RED FLAGS: significant design changes made silently without noting them, new screens
not in Galadriel's specification, marketing copy in the prototype.
2. IT ACTUALLY WORKS — Does the prototype function?
Can someone click through a complete customer journey? Do interactive elements
respond? Do AI features produce realistic output (even if mocked)?
RED FLAGS: dead ends, blank screens, placeholder alerts (alert()), features that
do nothing when tapped within scoped flows.
3. HONEST DOCUMENTATION — Is the Build Manifest accurate and complete?
Are simplifications and deferrals documented? Are known limitations stated?
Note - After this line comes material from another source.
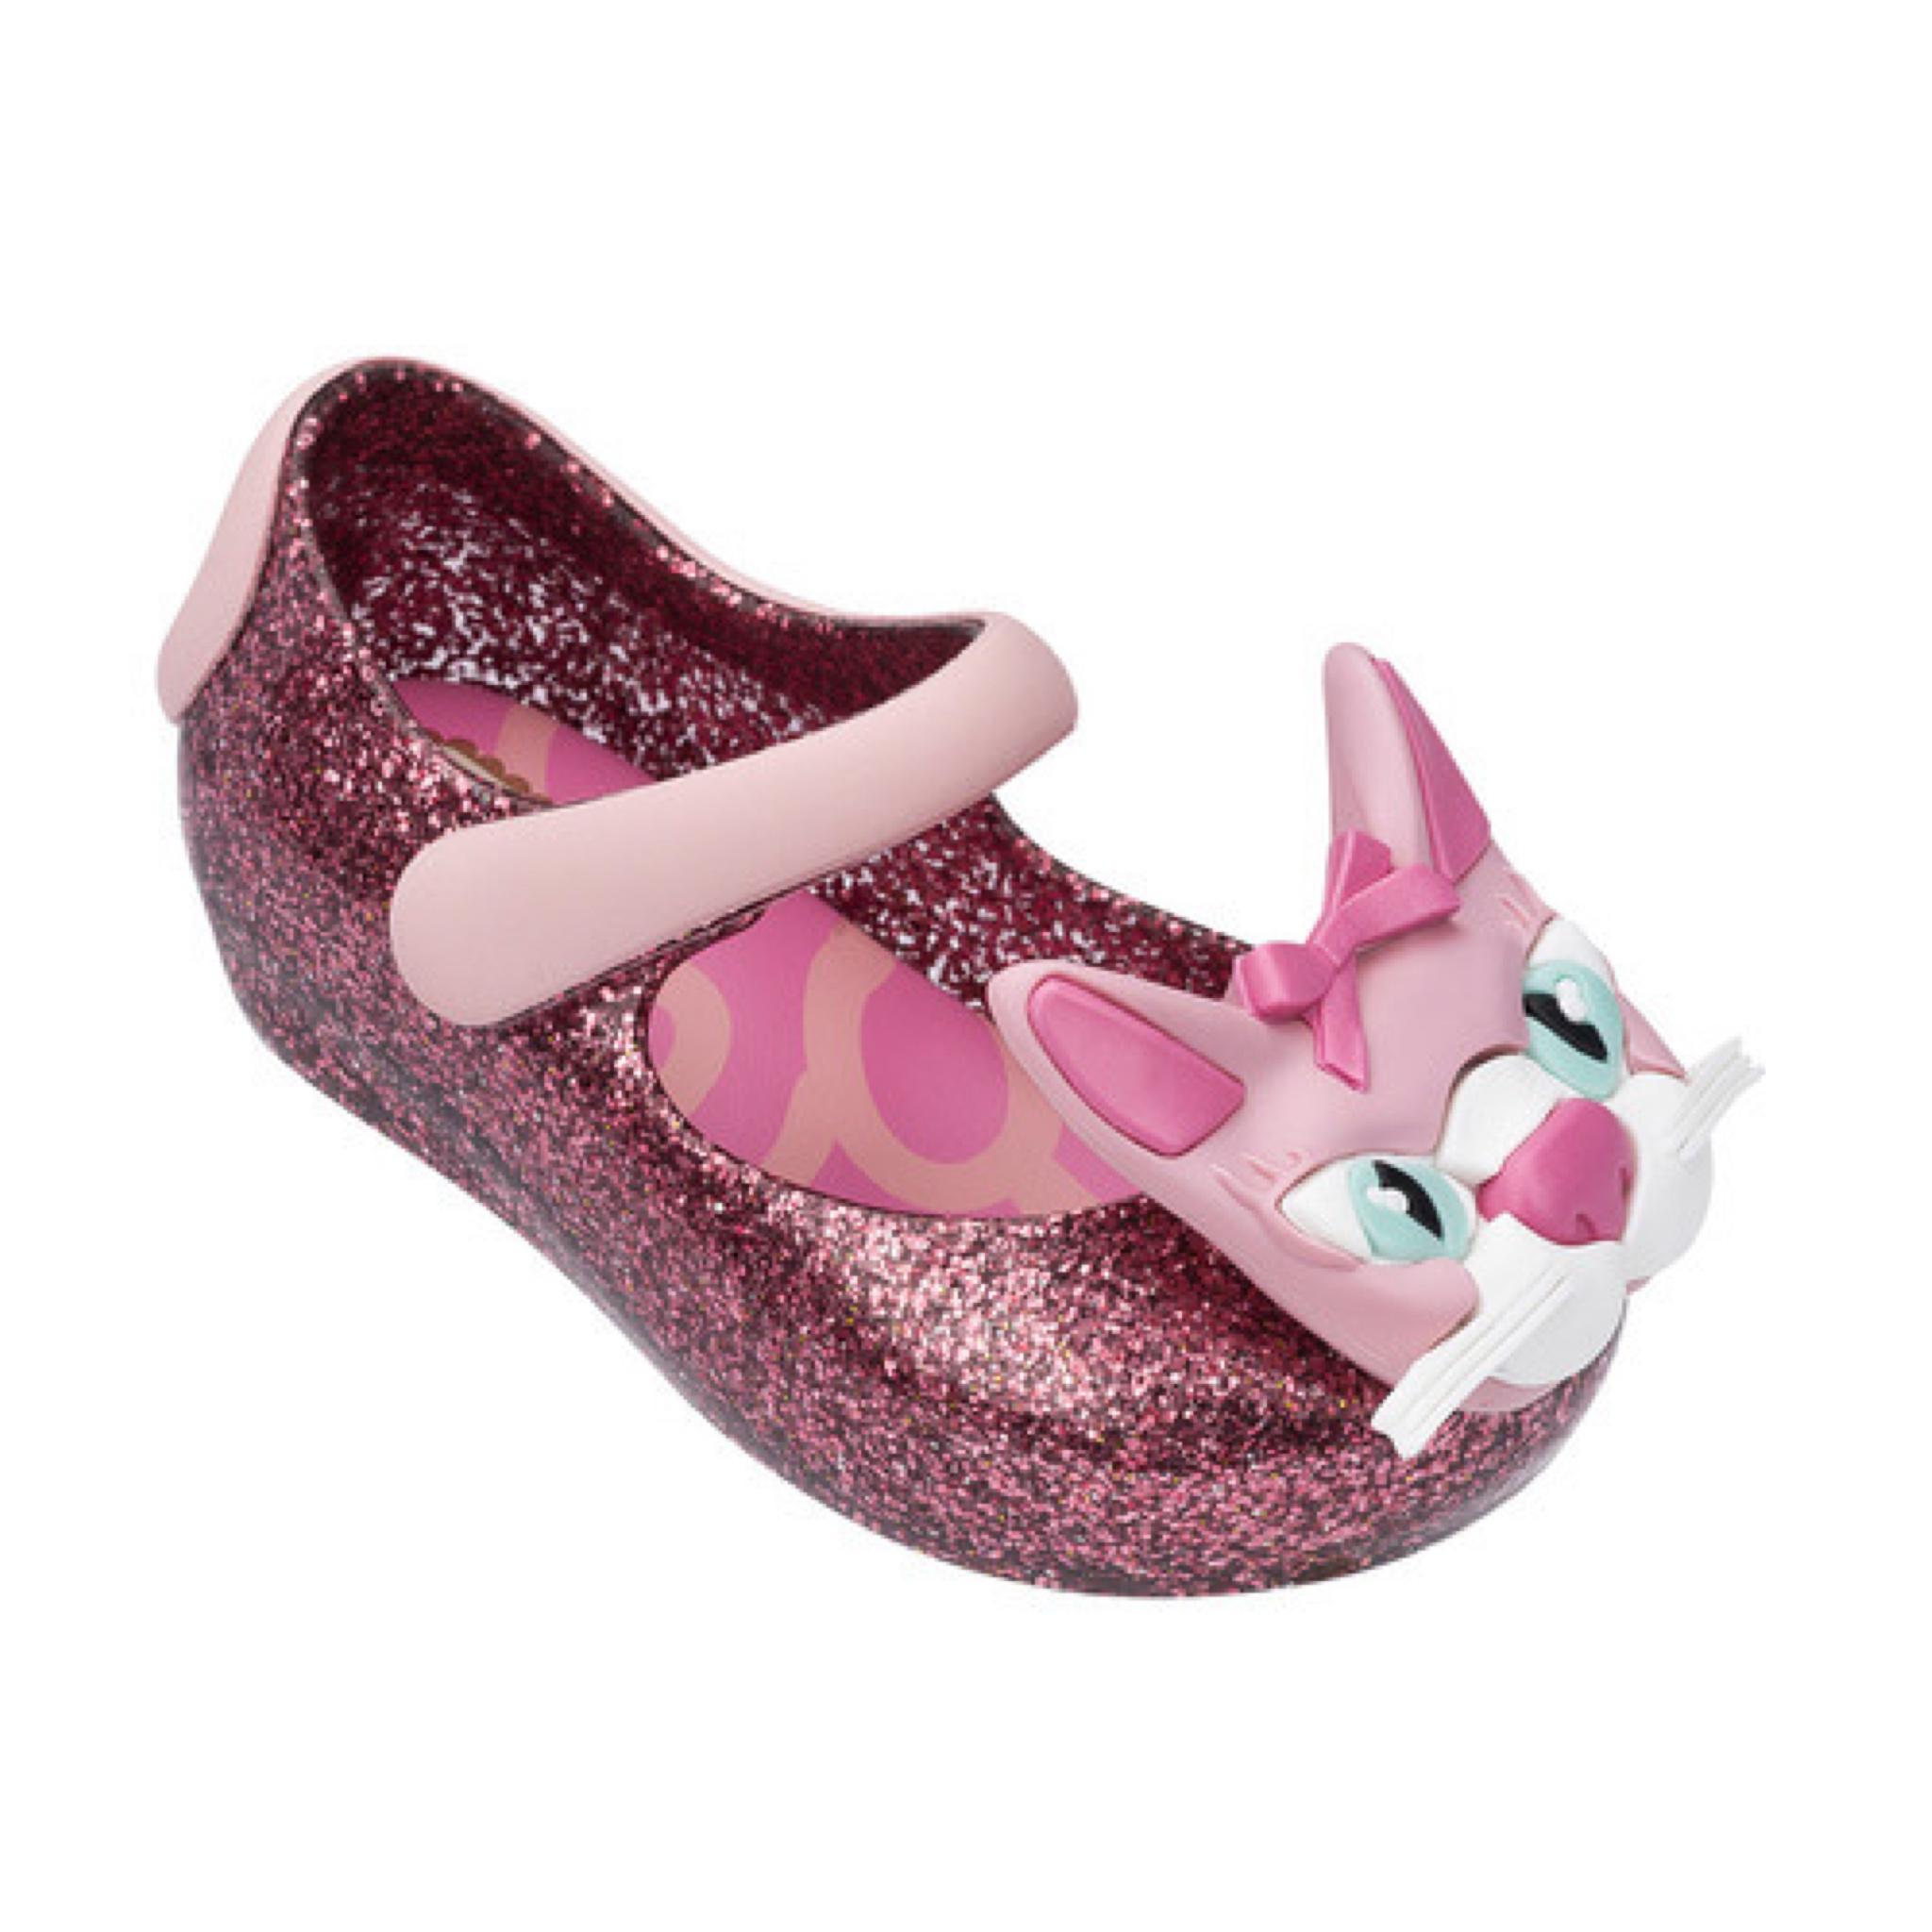 รองเท้าแมวน้อยรุ่นใหม่สำหรับลูกสาว Mini Melissa รุ่น Ultragirl Cat VII (Pink Glitter)

RED FLAGS: manifest missing, limitations hidden or understated, deferred items
not explained.
4. DEMO READINESS — Can Pippin demonstrate this to a non-technical audience?
Is the walkthrough clear? Are the main flows identified? Is the prototype stable
enough to show?
RED FLAGS: no demo walkthrough, unstable prototype, no clear entry point for demo.
5. COMPLETENESS — Are the key outputs present?
- Prototype documentation (what was built, how to demo it, build manifest, limitations)
- Working HTML prototype
RED FLAGS: documentation missing, HTML prototype not provided.
6. HANDOFF FORMAT — Did Gimli end with the correct HANDOFF TO ARAGORN section?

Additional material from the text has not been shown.